Example code and setup

The example code for our tutorial is in grpc/grpc/examples/ruby/route_guide. To download the example, clone the grpc repository by running the following command:

$ git clone -b v1.66.0 --depth 1 --shallow-submodules https://github.com/grpc/grpc
$ cd grpc

Then change your current directory to examples/ruby/route_guide:

$ cd examples/ruby/route_guide

You also should have the relevant tools installed to generate the server and client interface code - if you don’t already, follow the setup instructions in Quick start.

Defining the service

Our first step (as you’ll know from the Introduction to gRPC) is to define the gRPC service and the method request and response types using protocol buffers. You can see the complete .proto file in examples/protos/route_guide.proto.

To define a service, you specify a named service in your .proto file:

service RouteGuide {
   ...
}

Then you define rpc methods inside your service definition, specifying their request and response types. gRPC lets you define four kinds of service method, all of which are used in the RouteGuide service:

  • A simple RPC where the client sends a request to the server using the stub and waits for a response to come back, just like a normal function call.
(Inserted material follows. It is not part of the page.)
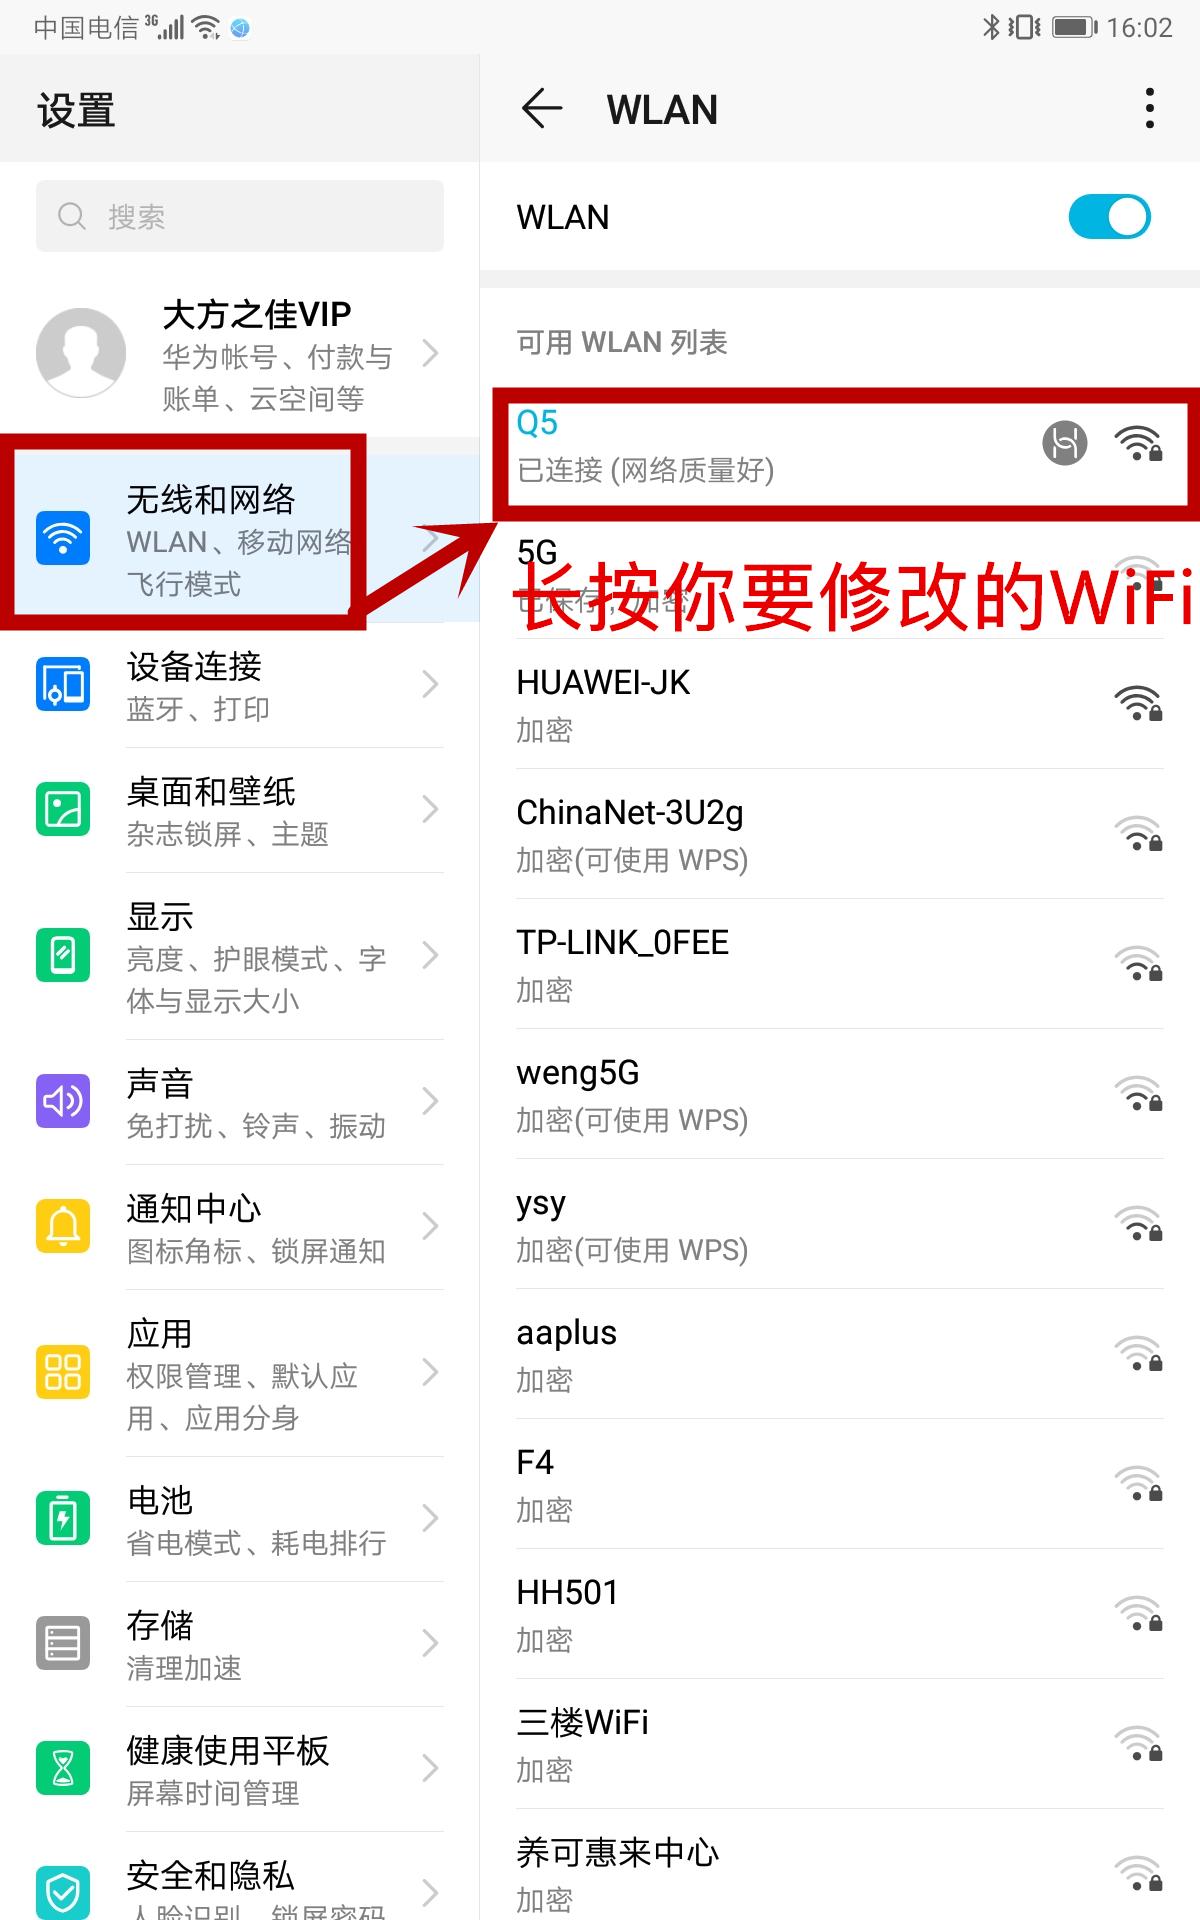 Screenshot_20190416_160254_com.android.settings.jpg

    // Obtains the feature at a given position.
    rpc GetFeature(Point) returns (Feature) {}
    
  • A server-side streaming RPC where the client sends a request to the server and gets a stream to read a sequence of messages back. The client reads from the returned stream until there are no more messages. As you can see in our example, you specify a server-side streaming method by placing the stream keyword before the response type.

    // Obtains the Features available within the given Rectangle.  Results are
    // streamed rather than returned at once (e.g. in a response message with a
    // repeated field), as the rectangle may cover a large area and contain a
    // huge number of features.
    rpc ListFeatures(Rectangle) returns (stream Feature) {}
    
  • A client-side streaming RPC where the client writes a sequence of messages and sends them to the server, again using a provided stream. Once the client has finished writing the messages, it waits for the server to read them all and return its response. You specify a client-side streaming method by placing the stream keyword before the request type.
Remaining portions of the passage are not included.